そんな僻地に中学校はなく親元から離れなければならないが、廣瀬ゆきえさんは他の多くの女の子同様、中学には行かせてもらえず家の労働力となった。畑仕事や家事、縫い物などの習い事。自分たちの食べ物は畑で作るが、完全自給自足は無理で現金が必要。そのもとが養蚕で、14歳の9月には初めて自分たちが作った繭(まゆ)を担いで、滋賀県の業者に売りに行く。その時に越えた峠が表題にもなっている「ホハレ峠」だ。泊まりがけの重労働で、繭から成虫が出て来てしまう前に到着しなければならない。
さらにその年の10月には、彦根にある巨大紡績工場(カネボウ)に就職することに。11月~翌年4月、親元から離れて綿から糸を紡ぐ仕事をした。「ああ、野麦峠」を連想しがちだが、(仕事はきつかったのだろうが)彼女は前向きで、プールのような大きな風呂に毎日入れ、生まれて初めて牛や豚が食べられる暮らしは、徳山村に比べると極楽だった、と回顧している。
24歳になると縁談話があり、北海道の真狩(まっかり)村へ嫁ぐ。なぜ北海道なのか?結婚相手のルーツが徳山にあり、徳山村からは北海道への開拓団が出ていたのだ。すなわち、2人は遠戚なのだろう。年がたち、夫婦は徳山村に戻ることになるが、それもゆきえさんの家の跡取りに絡む理由からだった。徳山村の人々と真狩村の人々は、遠くに離れてもお互いの家を守るため、また集落を維持するために助け合う。そうした実態を解明していく著者。

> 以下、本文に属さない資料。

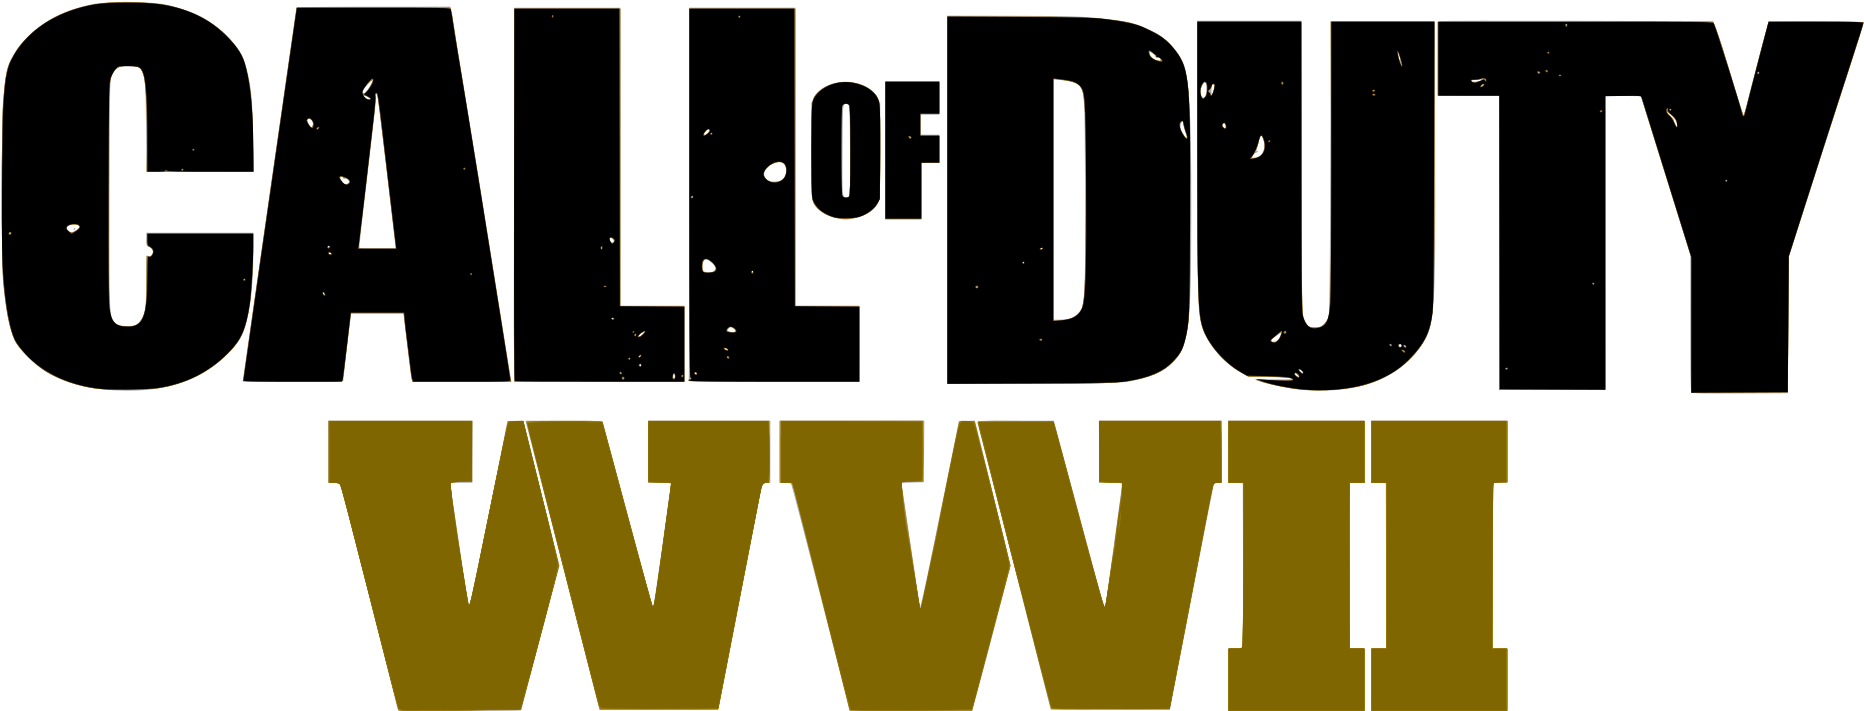 Callof Duty W W I I Logo PNG

食べ物を自分たちで確保し、家系や共同体も必死で維持していくなか、近代化は情け容赦なく襲ってくる。徳山ダムに反対しながらも、最後はハンコを押して出て行く村人たち。廣瀬ゆきえさんは言う。先祖代々守ってきた土地も家も畑も、お金になった。それまでは現金はほとんど持っていなかったが、大金を与えられて移転先の家で暮らす。段々お金は減っていき、まもなく底尽きる。自分の代でなくなる。全部国に取られた・・・
丁寧な取材を重ねた上で、構成上に起承転結もある、情熱に満ちたノンフィクションの一冊だった。素晴らしい。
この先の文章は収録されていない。